Linux programming and Kernel development video tutorials will be uploaded into youtube on 10/feb/2014.......
Channel name " kernelarmy ".

          " KNOWLEDGE INCREASES WHEN SHARED "

UNDERSTANDING LINKER...............ARTICLE 16

UNDERSTANDING LINKER

Linker is a tool which will link the libraries to the executable file. This is the definition I have learned as a child. I used to believe that linking of the libraries is the sole purpose of using the linker.
               Later is when I realized linker is the most important tool in the entire tool chain. It has a number of functionalities. We will discuss most of them in this article.
(note:  I wont be discussing anything about the linker script as I am not very familiar with it.)


WHAT IS THE FUNCTIONALITY OF THE LINKER...?

The Linker is the most important tool in the gcc tool chain. We already know that we use many library functions in C and C++. Some of the examples are printf(), scanf(), pow() etc.. These functions are defined in the standard C library and we use the linker to link these libraries into the source code. Well, let me give you more clarity about this. At the time of GNU project one of their most remarkable works is GNU compiler and the standard C library which is called as GLIBC. We can download this from the Linux.org website. 
                                                    We know the functionality of the functions. We write functions for the purpose of reusability. In the same way libraries are also written for the reusability. The library functions like printf(), scanf() etc .. we do not write the code for its functionality. Its already present in the standard C library called glibc. What we do is we just embed that code into our executable file and run it. Now who will embed the library functions code into our soucecode?.. Its the Linker. The Linker will detect what are the libraries required and will automatically link them into our source code. The Linker can also be used to create user defined libraries. 

WHICH TOOL THE LINKER USES...?

Well I have shown you the step by step compilation of a program add.c. We have performed the first three stages of the compilation i.e the pre-processing phase, compiler and the assembler. (refer previous posts on understanding pre-processor, compiler, assembler). The assembler's output is an object file. The object file will be taken as input by the Linker and a binary executable object file will be the output. After the assembly phase we got a file called add.o which is an object file. This will be taken by the Linker for further processing. Please refer previous articles in case you did not understand.
 In the above screen shot you can see that there are  four files in my directory. add.c is my source code file. The order is in the following manner.           
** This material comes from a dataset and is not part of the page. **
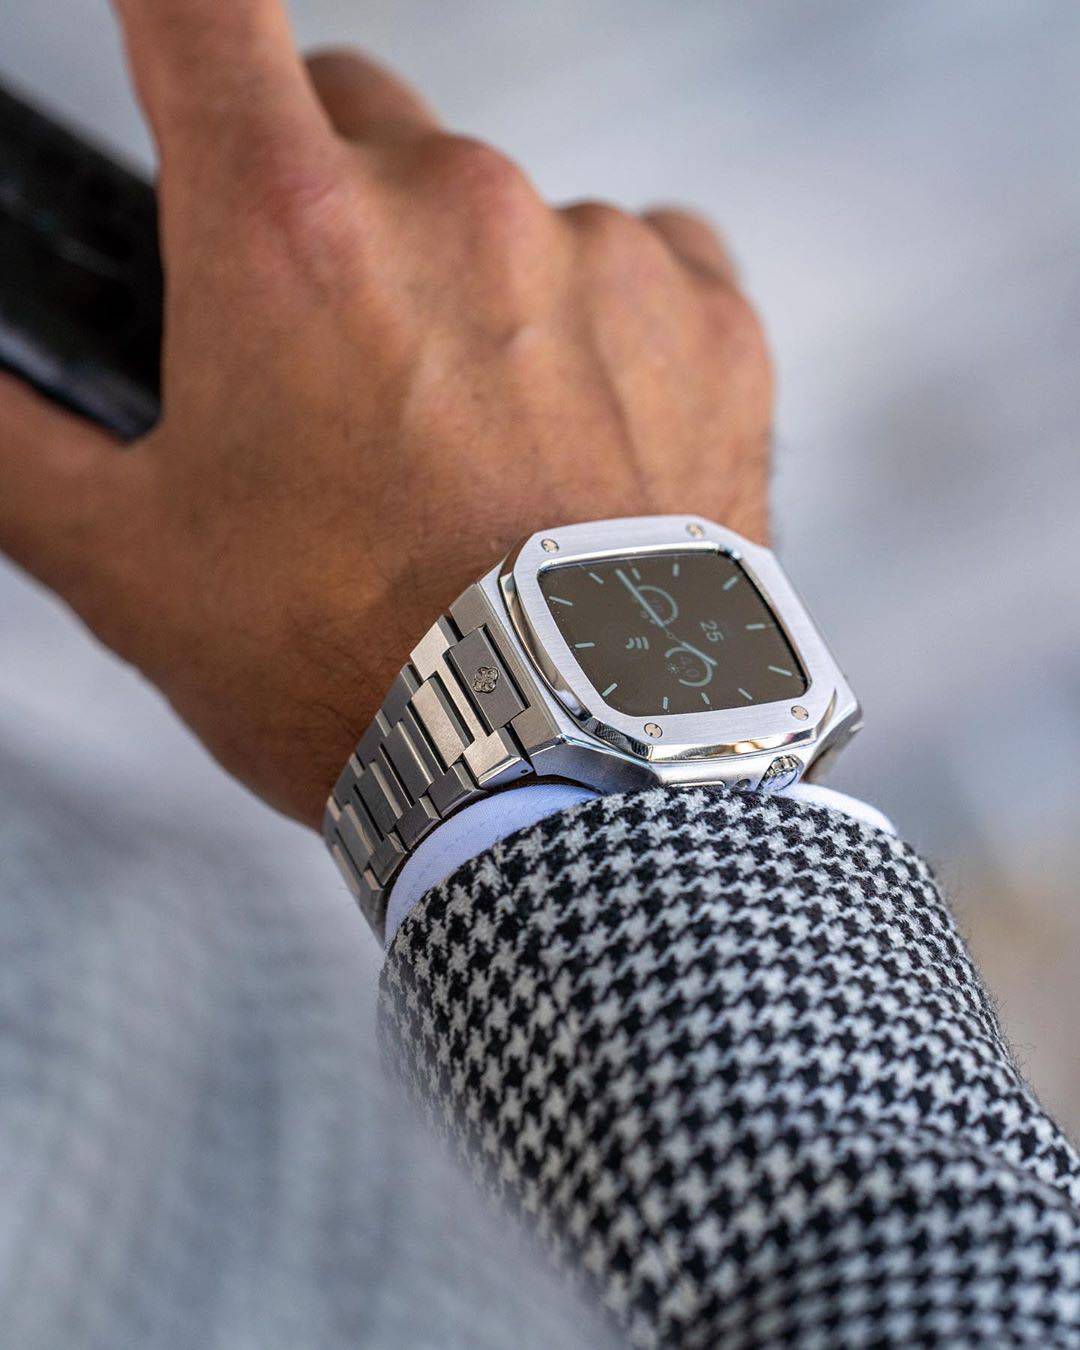 MyMag - Dì addio al fragile Apple Watch, Apple potrebbe lanciare una versione outdoor dell’orologio

                                                                            add.c(source code)
                                                                               ||
                                                                            CC1(pre-processor)
                                                                               ||
                                                                            add.i  
                                                                               ||
                                                                            CC1(compiler)
                                                                               ||
                                                                            add.s
                                                                               || 
                                                                              AS(assembler)
                                                                               ||
                                                                           add.o  
                                                                               ||
                                                                           LD(linker)
                                                                               || 
                                                                           add.exe
  
The add.exe is the executable file generated by the linker. Its not important to have the ' .exe ' extension. Lets now perform the fourth phase of the compilation. We have used different flags to tell the compiler to invoke a specific tool inorder to perform the step by step compilation. In case of the linker we need not give any flags. Look at the below screen shot.
I am passing the assembler's output to the gcc compiler and generating an executable file. The executable files are displayed in green colour.
Here when I executed the command ' ls ' it displays all the contents in the directory and we can see that there is add.exe which is the executable file. Lets now execute this file and see what's the output generated.
We can execute the file by doing ./ add.exe. The output is saying that " THE VALUE OF C IS 30 ". If you remember we wrote a C program which adds the values of A and B and stores the output in C. 
  

THE VERBOSE OUTPUT OF THE LINKER..

command:-- gcc -v add.o   -o  add.exe

 The Linker will first read a file called specs and it will load all the required libraries, check the flags.. well very similar to that of those previous tools. It uses a tool called ld. linux.so.2 is the linker which the gcc is using. The most important thing to notice here is how it is linked. We will discuss about all that in the next article.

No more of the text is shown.